> _TO DO_
Leave the images aside and repeat the whole listing exactly.

> _SUPPLIED INFORMATION_
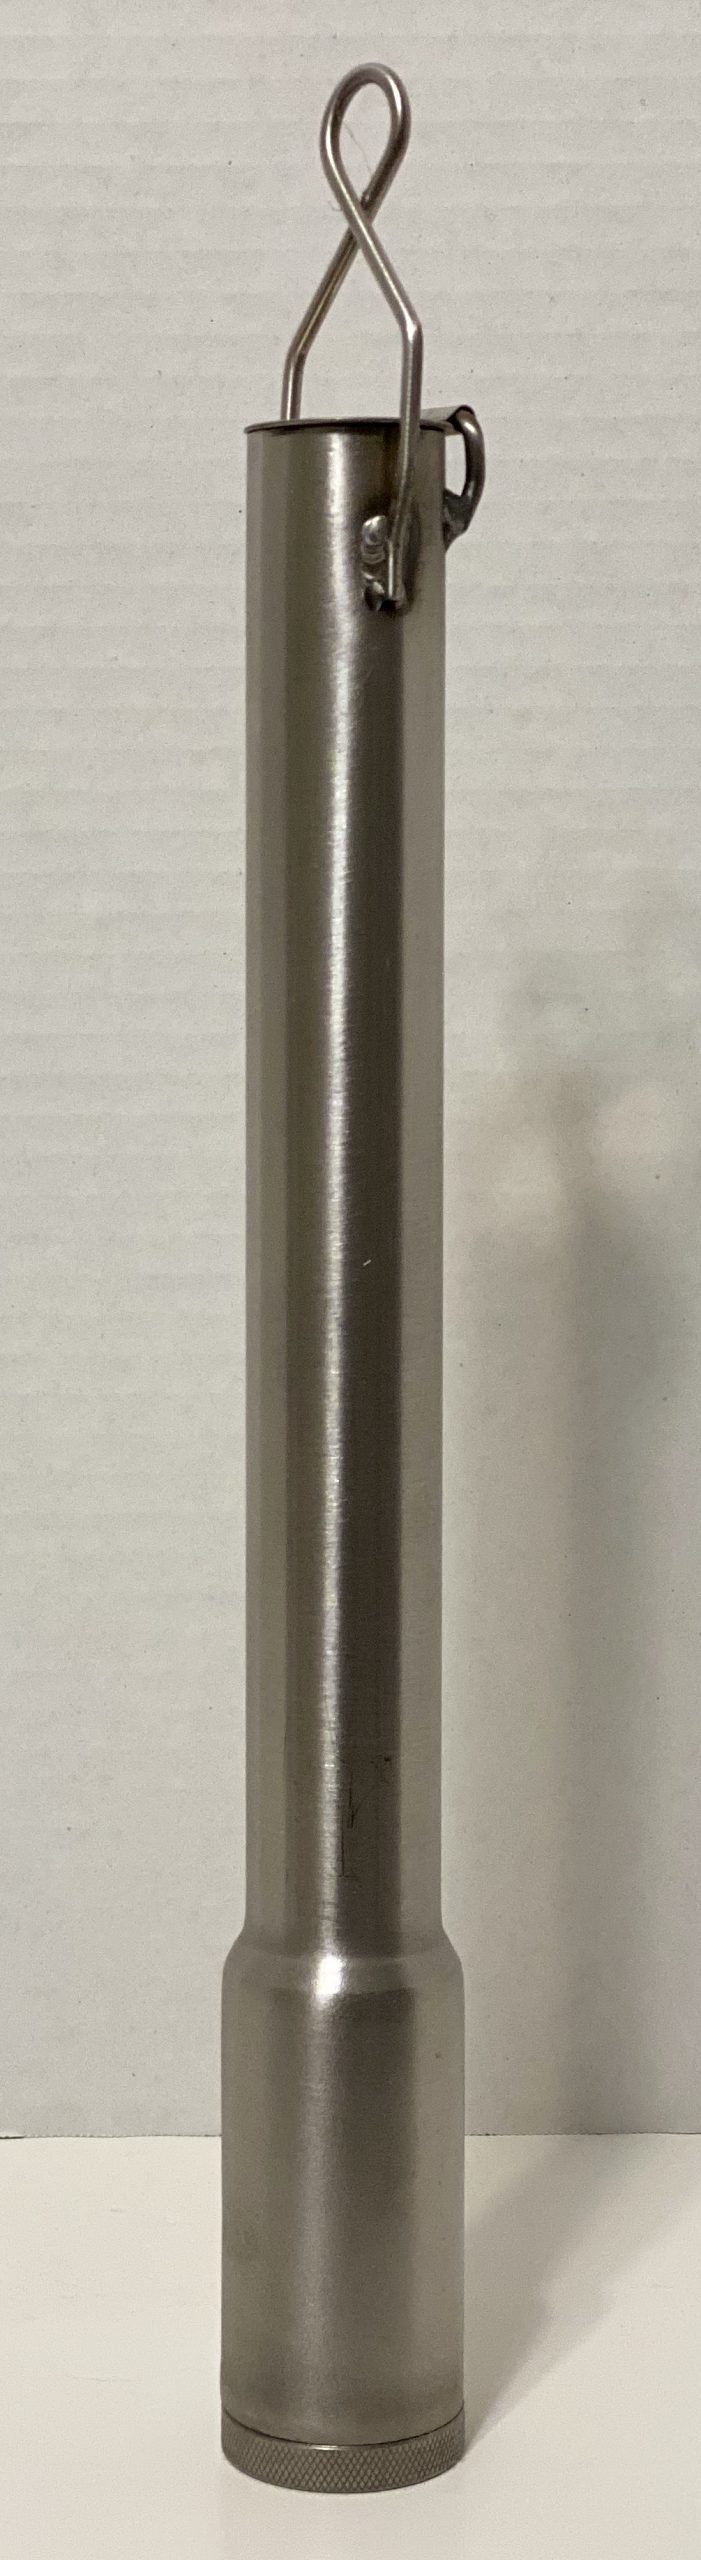 Stainless Pencil Zone Sampler
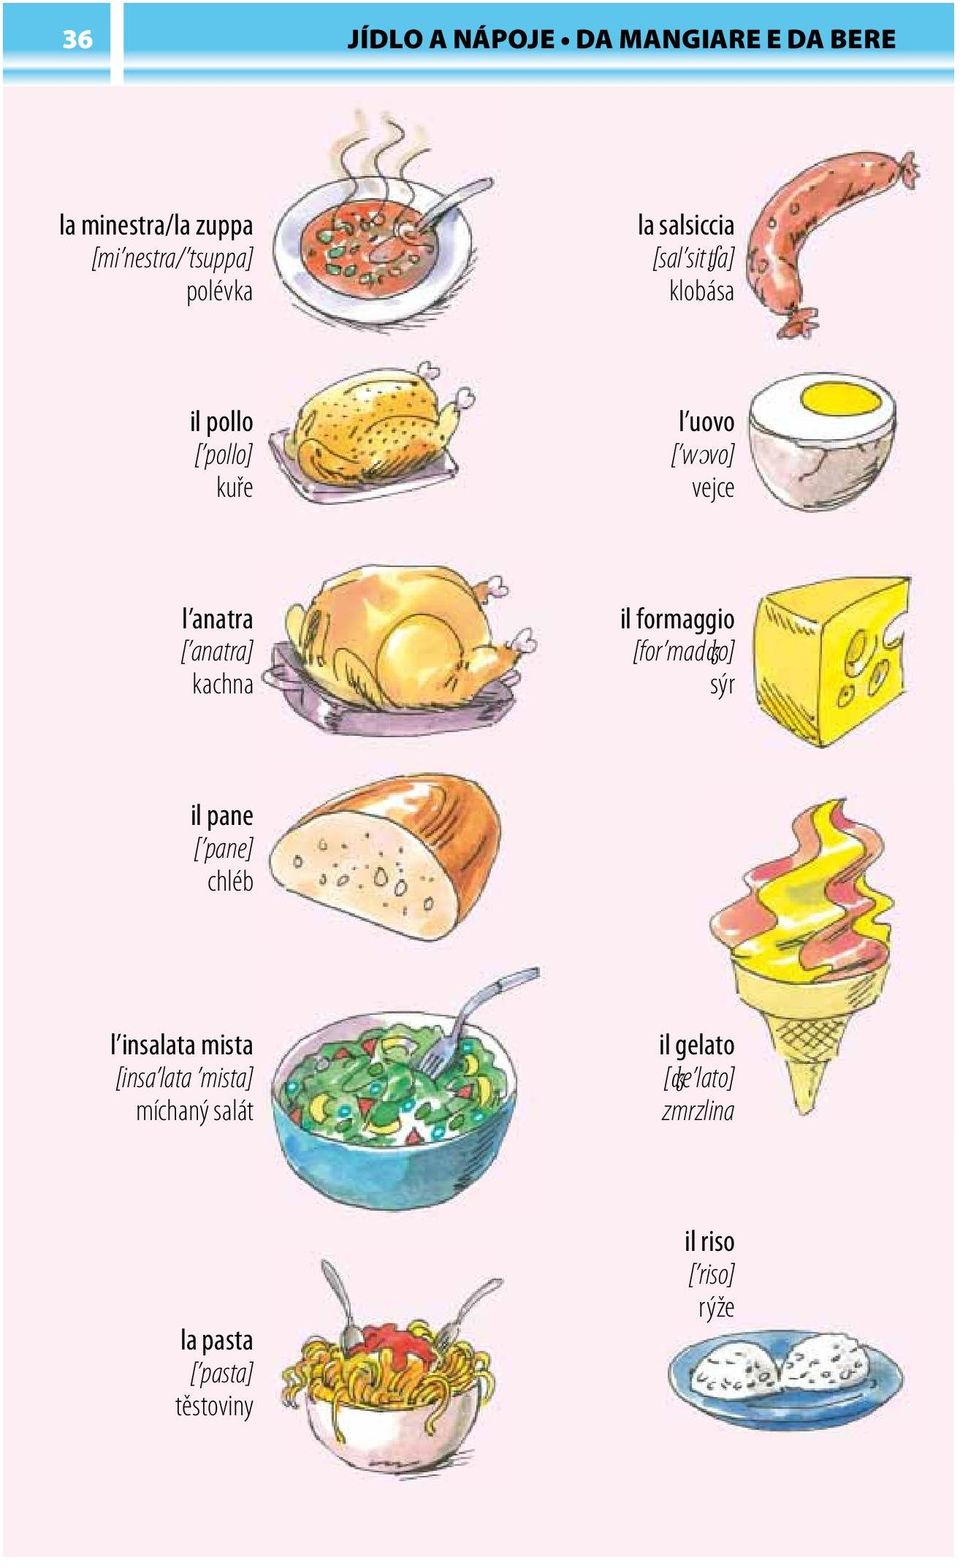 kachna il formaggio [for madʤo] sýr il pane [ pane] chléb l insalata mista [insa lata mista]
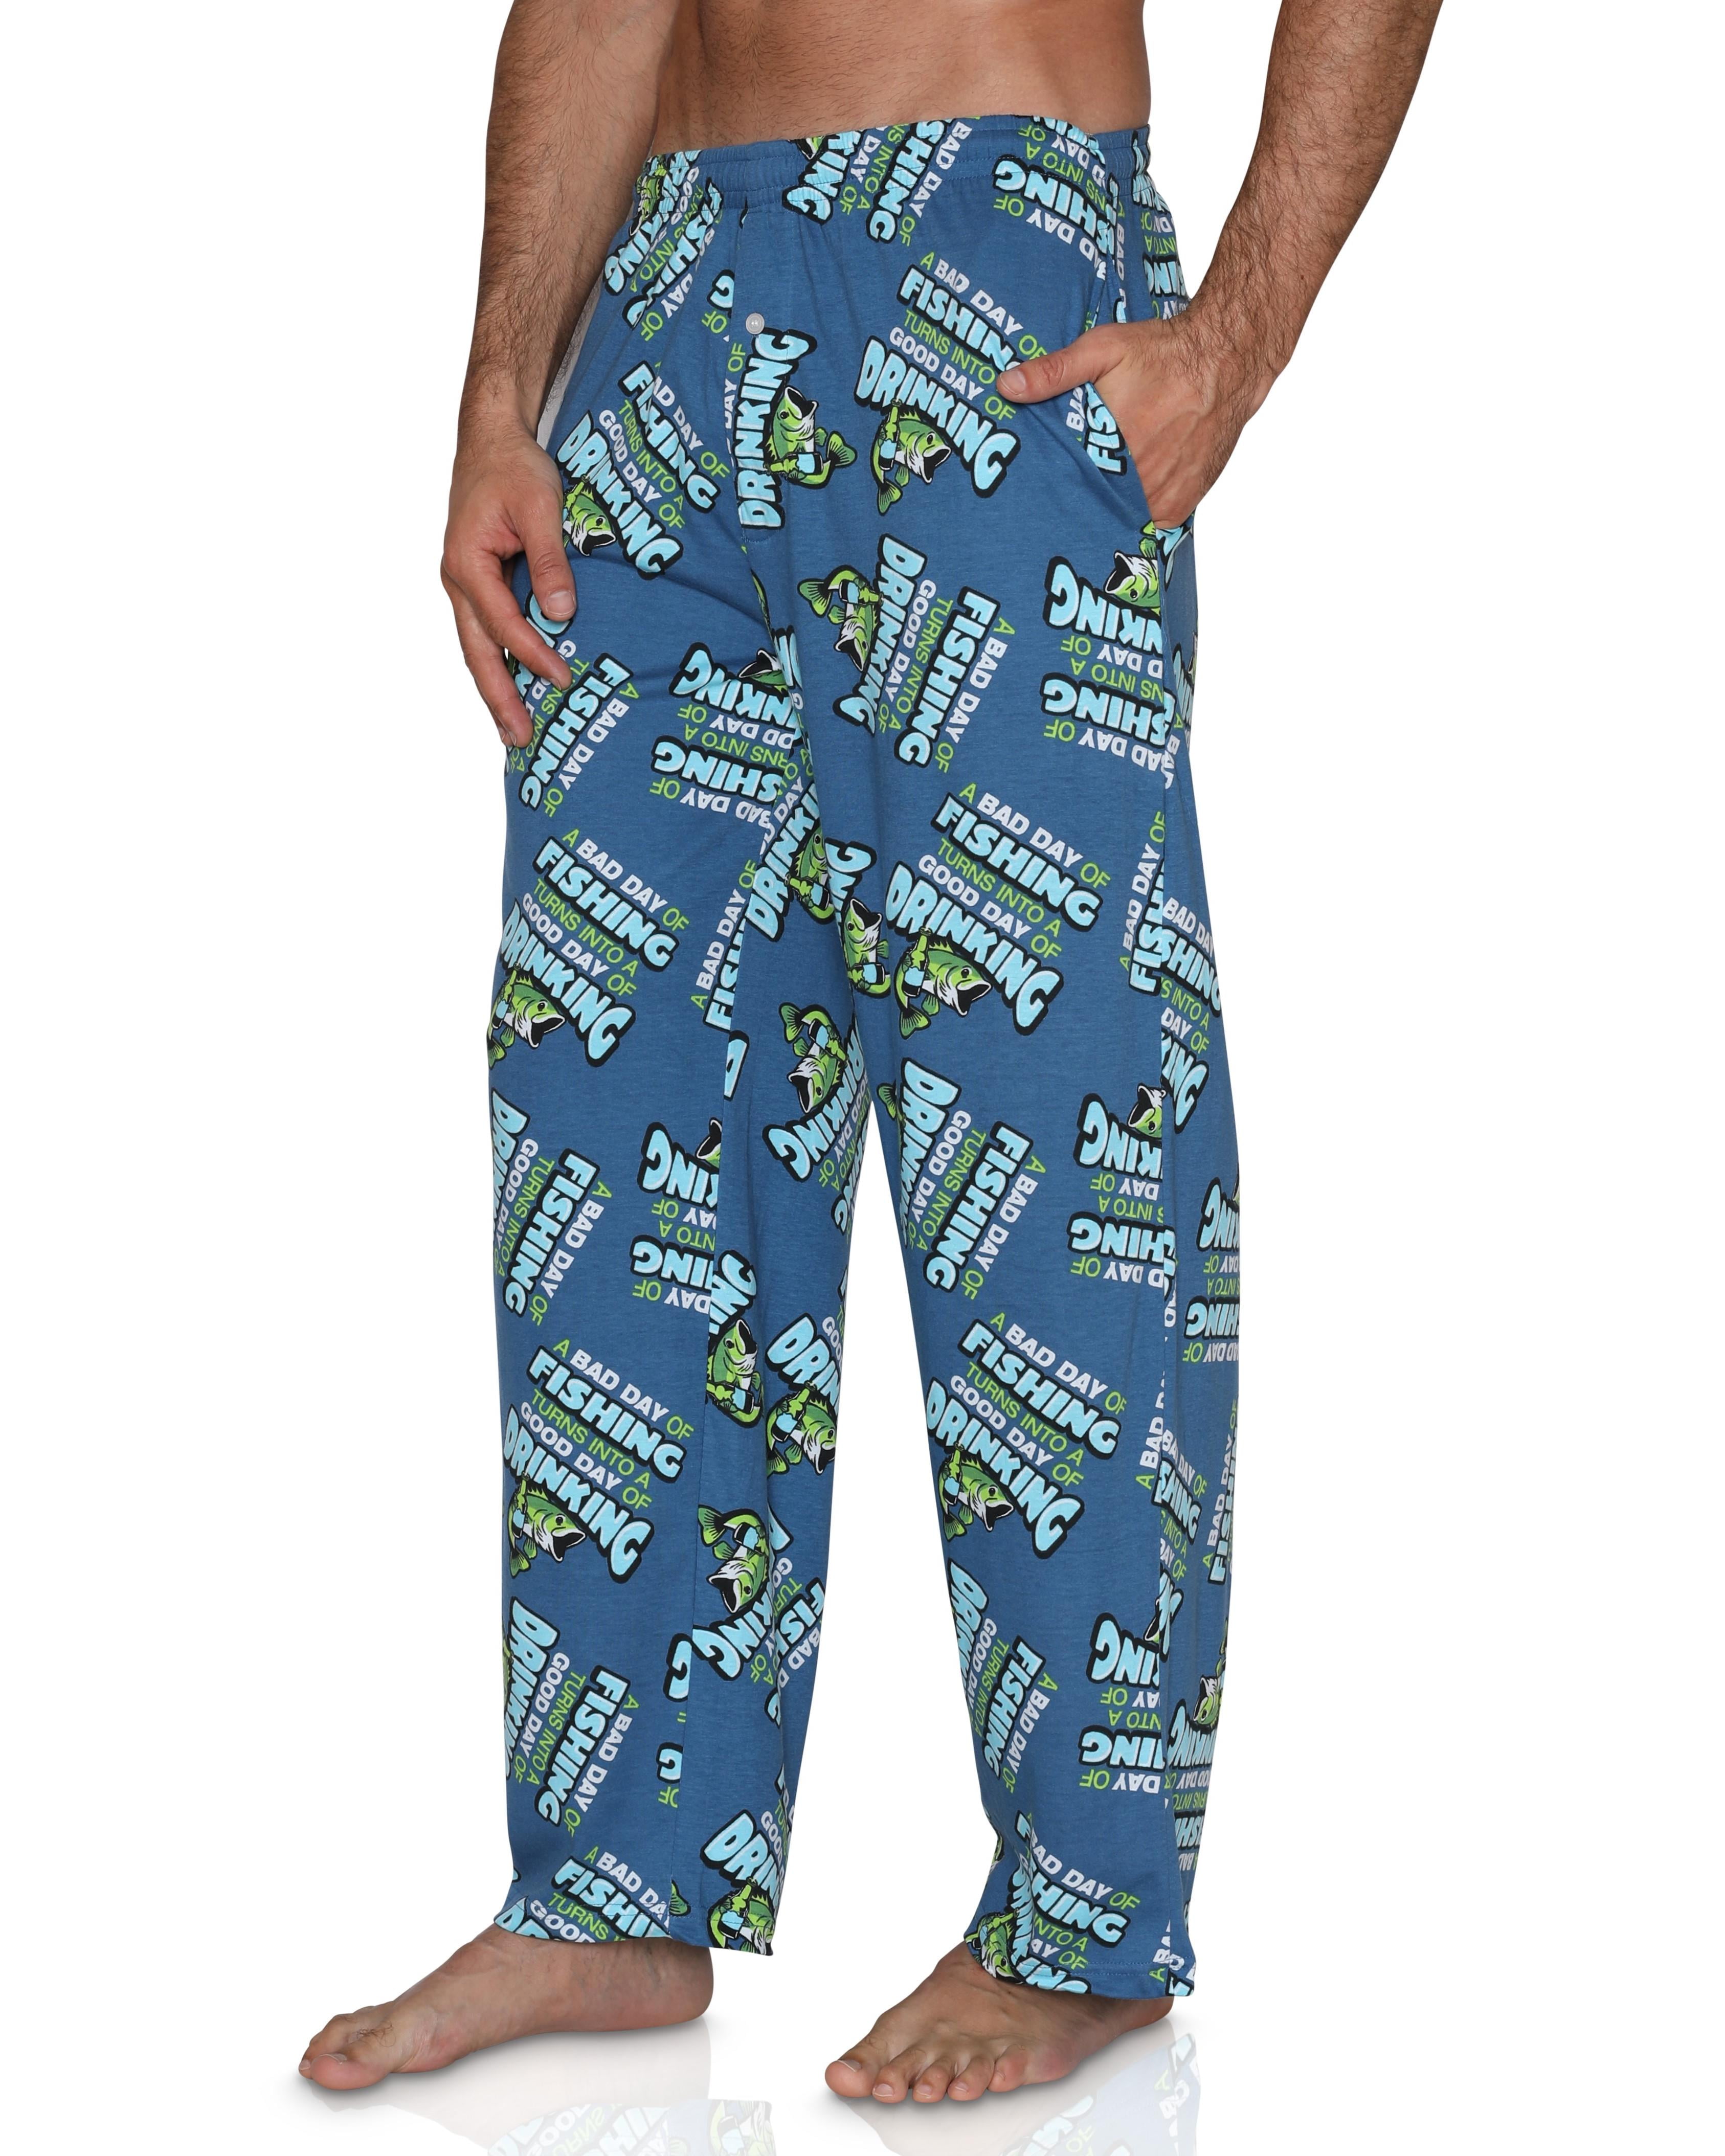 80s Or 90s Men's Pajama Pants Lounge Sleep Bottoms Funny PJ Pants Sleepwear  for Men at Amazon Men's Clothing store
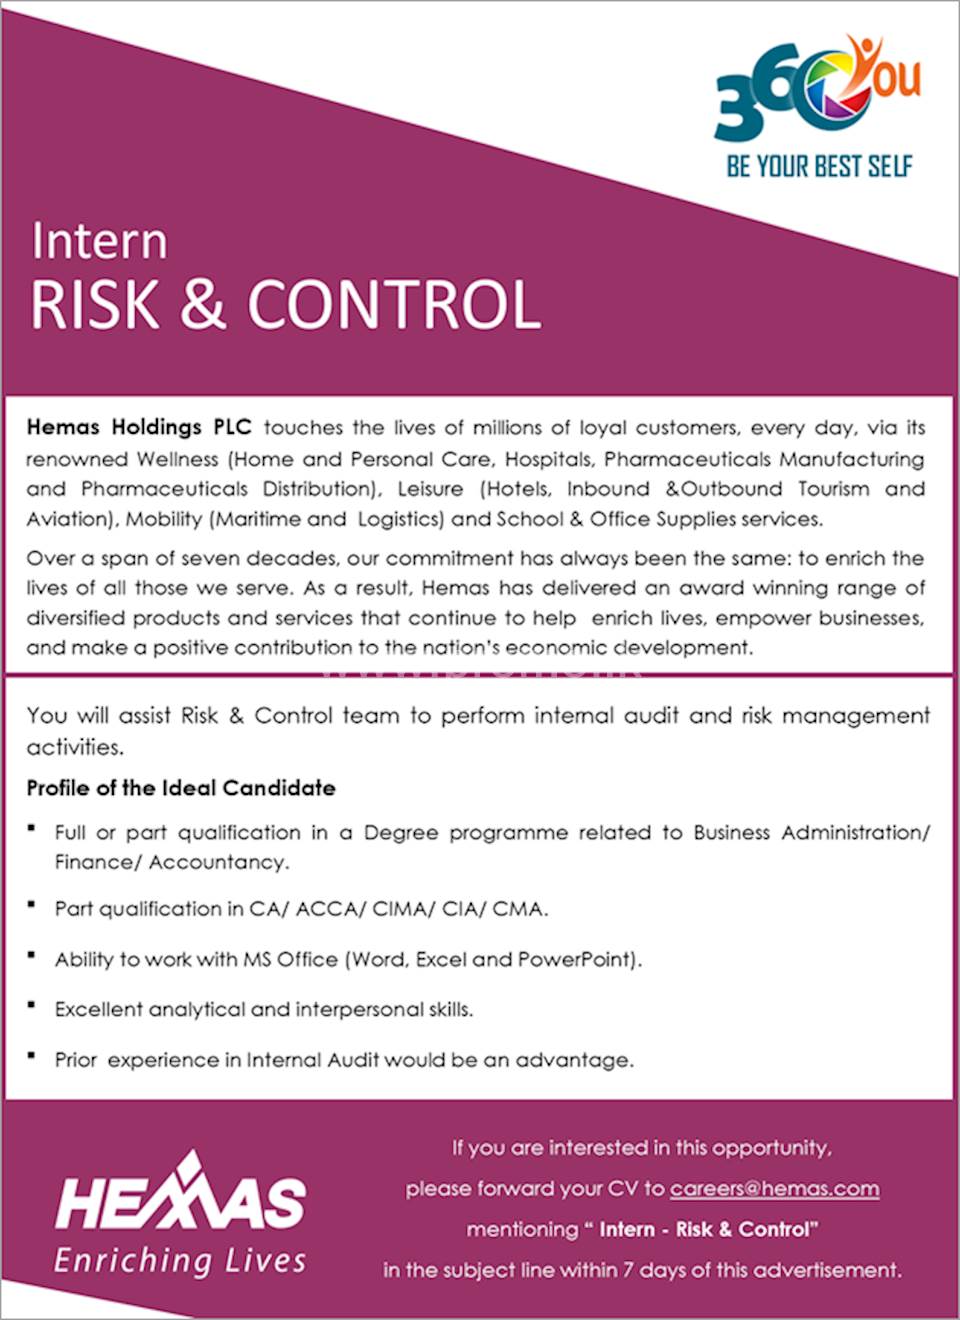 Intern - Risk and Control

> _RESULT_
 Stainless Pencil Zone Sampler
 kachna il formaggio [for madʤo] sýr il pane [ pane] chléb l insalata mista [insa lata mista]
 80s Or 90s Men's Pajama Pants Lounge Sleep Bottoms Funny PJ Pants Sleepwear  for Men at Amazon Men's Clothing store
 Intern - Risk and Control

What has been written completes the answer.